O ex-primeiro-ministro britânico Tony Blair afirmou que o resultado do referendo britânico a favor da saída do Reino Unido da União Europeia “mostra que os movimentos insurgentes da política podem assumir o controlo de um país”.

“Entramos numa era de uma imprevisibilidade insólita”, avisou Blair, num encontro com vários jornalistas estrangeiros em Londres, segundo publicou este sábado o diário espanhol El País.

O ex-primeiro-ministro trabalhista (1997-2007) reconheceu que o projeto europeu “enfrenta um desafio enorme” e aqueles que acreditam nele devem “dar um passo em frente e defender uma verdadeira reforma”. Blair observou que as consequências do resultado do referendo “são imensas” e “requer uma profunda reflexão sobre o futuro da política de centro”.

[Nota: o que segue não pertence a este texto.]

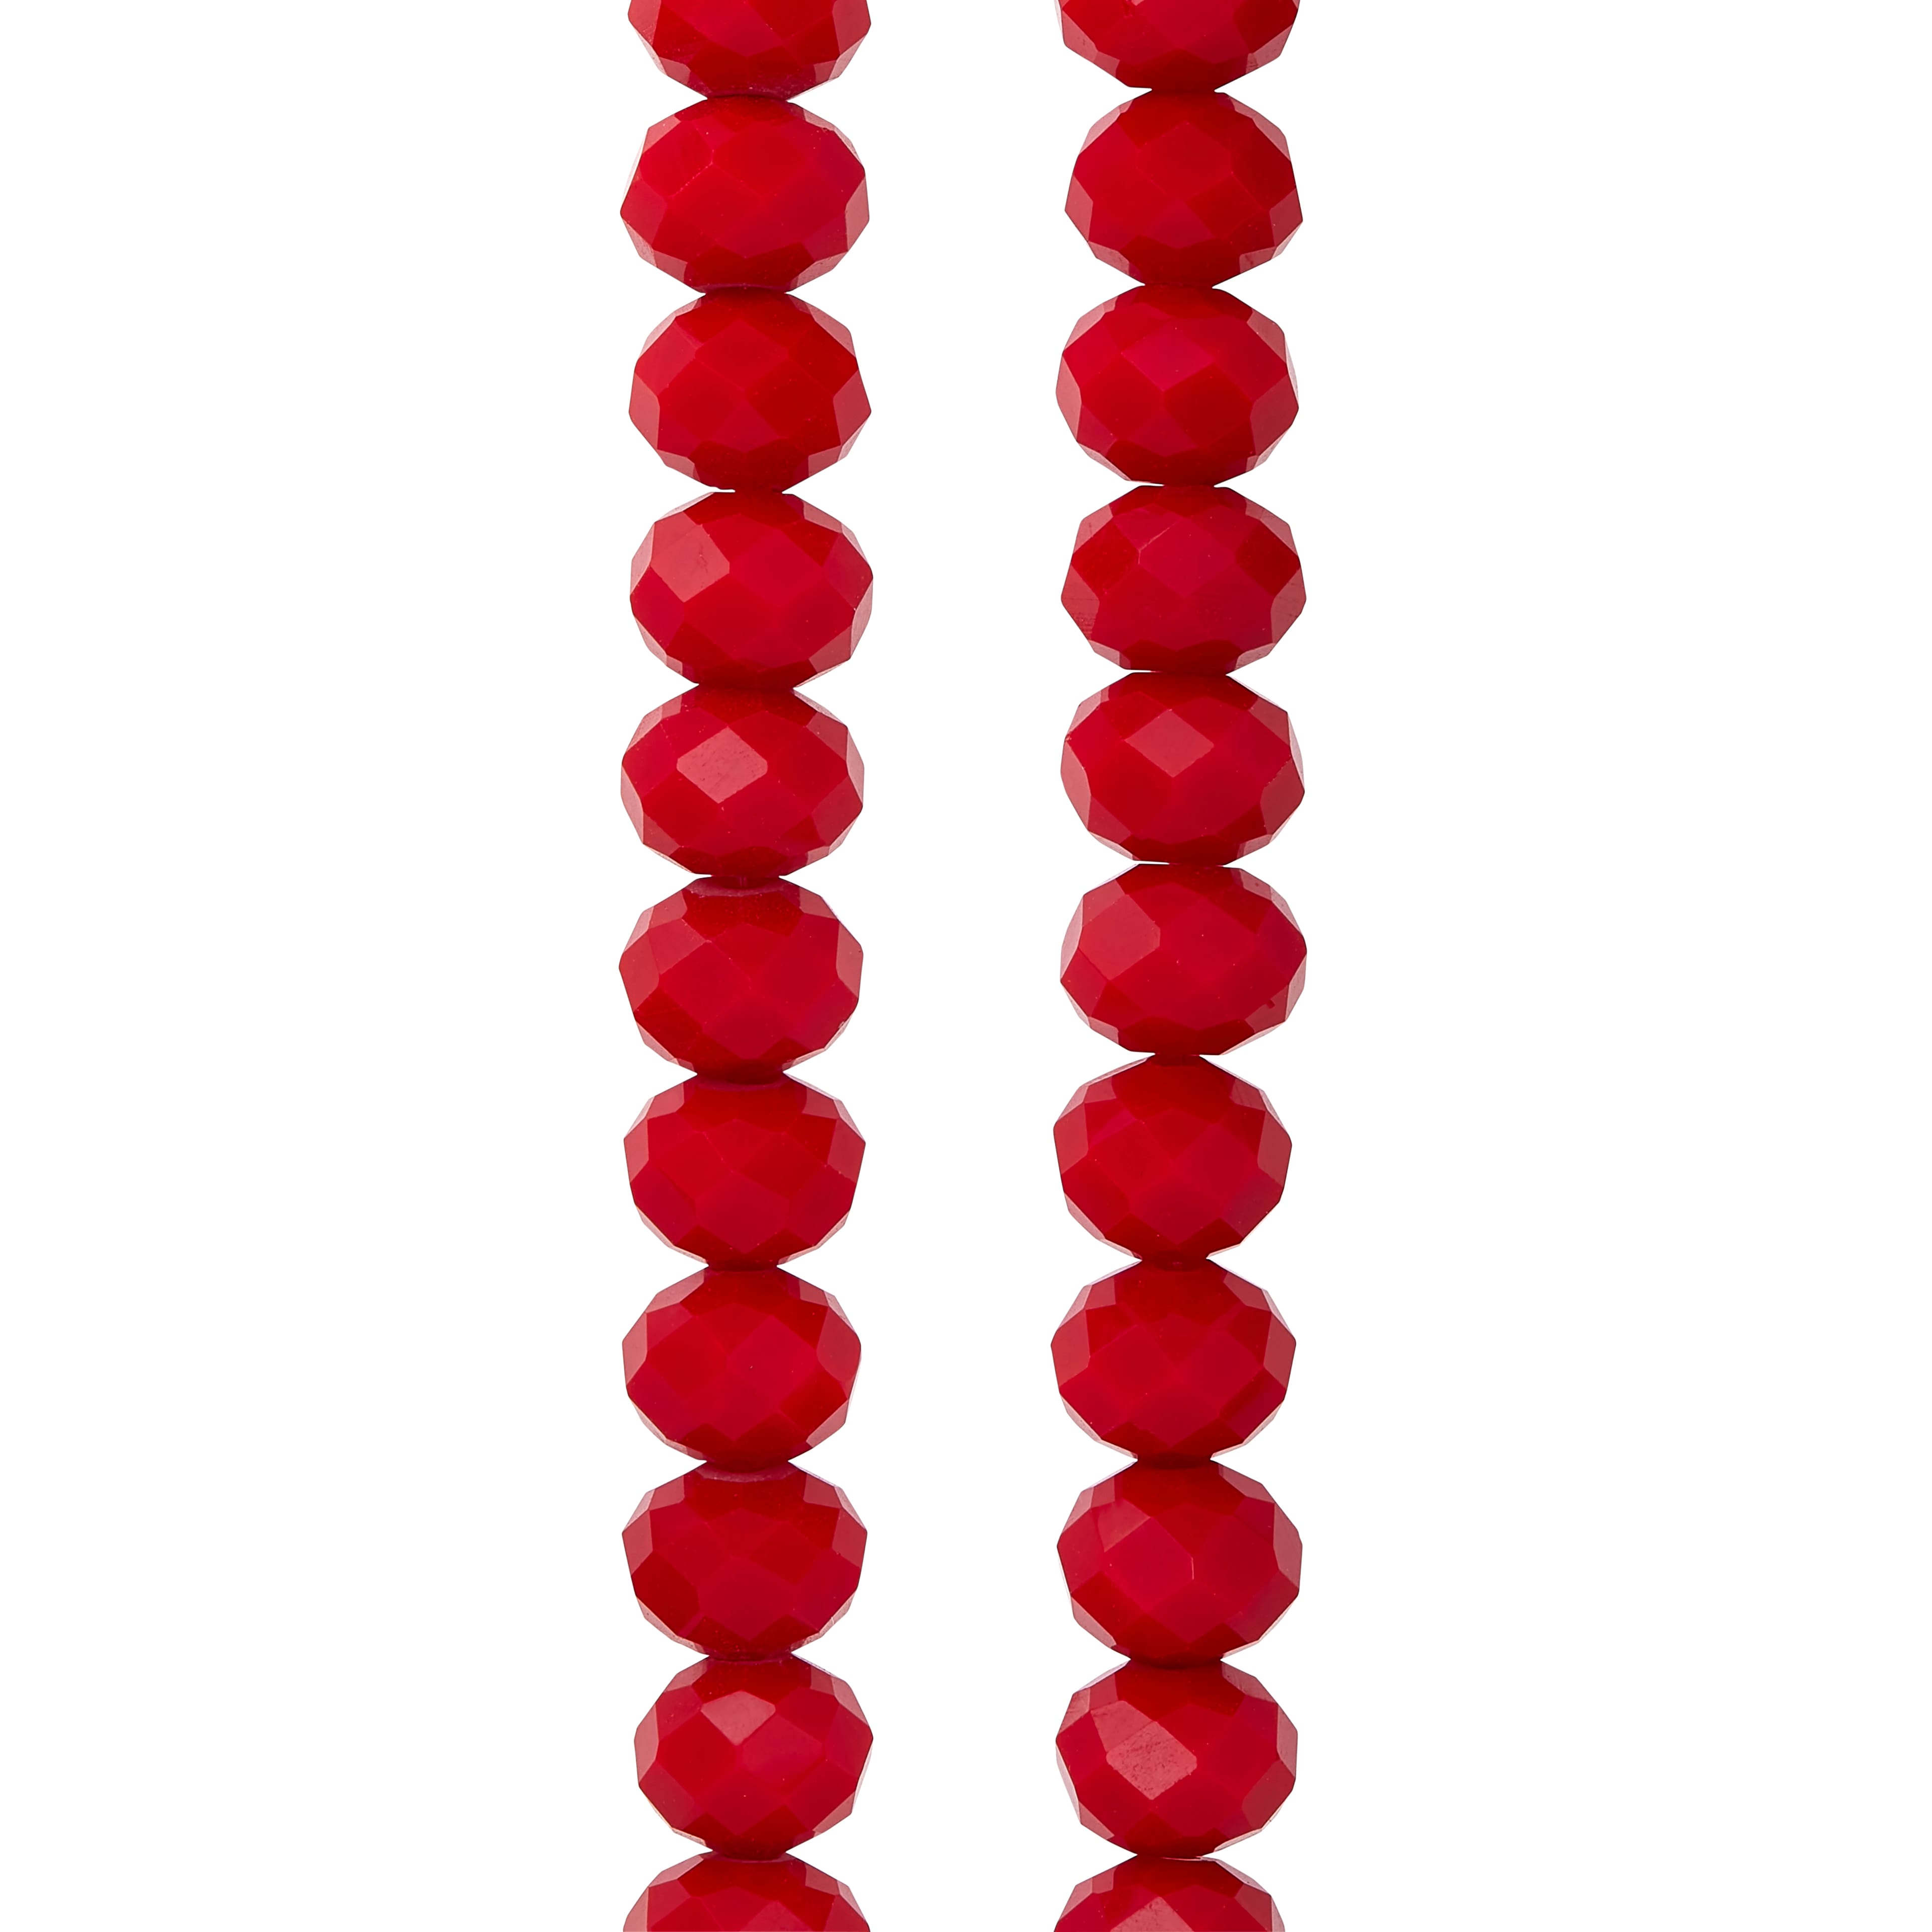 Bead Gallery 8mm Red Faceted Glass Rondelle Beads - each

Na sua opinião, o ‘Brexit’ (nome como ficou conhecida a saída britânica da União Europeia) significa “um grande voto contra a política tradicional” e agora “deve encontrar soluções para os problemas das pessoas, incluindo a imigração”.

Sobre a ameaça da unidade territorial do Reino Unido, Blair afirmou que o resultado do referendo “vai acrescentar pressão”, reconhecendo que “o tema escocês é claro” porque “a Escócia votou fortemente pela permanência”.

Por último, Blair confessou sentir “pena” do primeiro-ministro britânico conservador David Cameron, ao considerar que o anúncio da sua demissão foi “uma decisão difícil”.

Questionado se foi um erro a convocatória do referendo, o ex-primeiro-ministro sublinhou o caráter delicado da questão porque “qualquer comentário pode parecer antidemocrático”, mas lembrou que “a democracia parlamentar é eleger um governo para que tome decisões”.

Os eleitores britânicos decidiram que o Reino Unido vai sair da União Europeia (UE), depois de o ‘Brexit’ ter conquistado 51,9% dos votos no referendo de quinta-feira, cuja taxa de participação foi de 72,2%. O primeiro-ministro britânico, David Cameron, anunciou a sua demissão, com efeitos em outubro.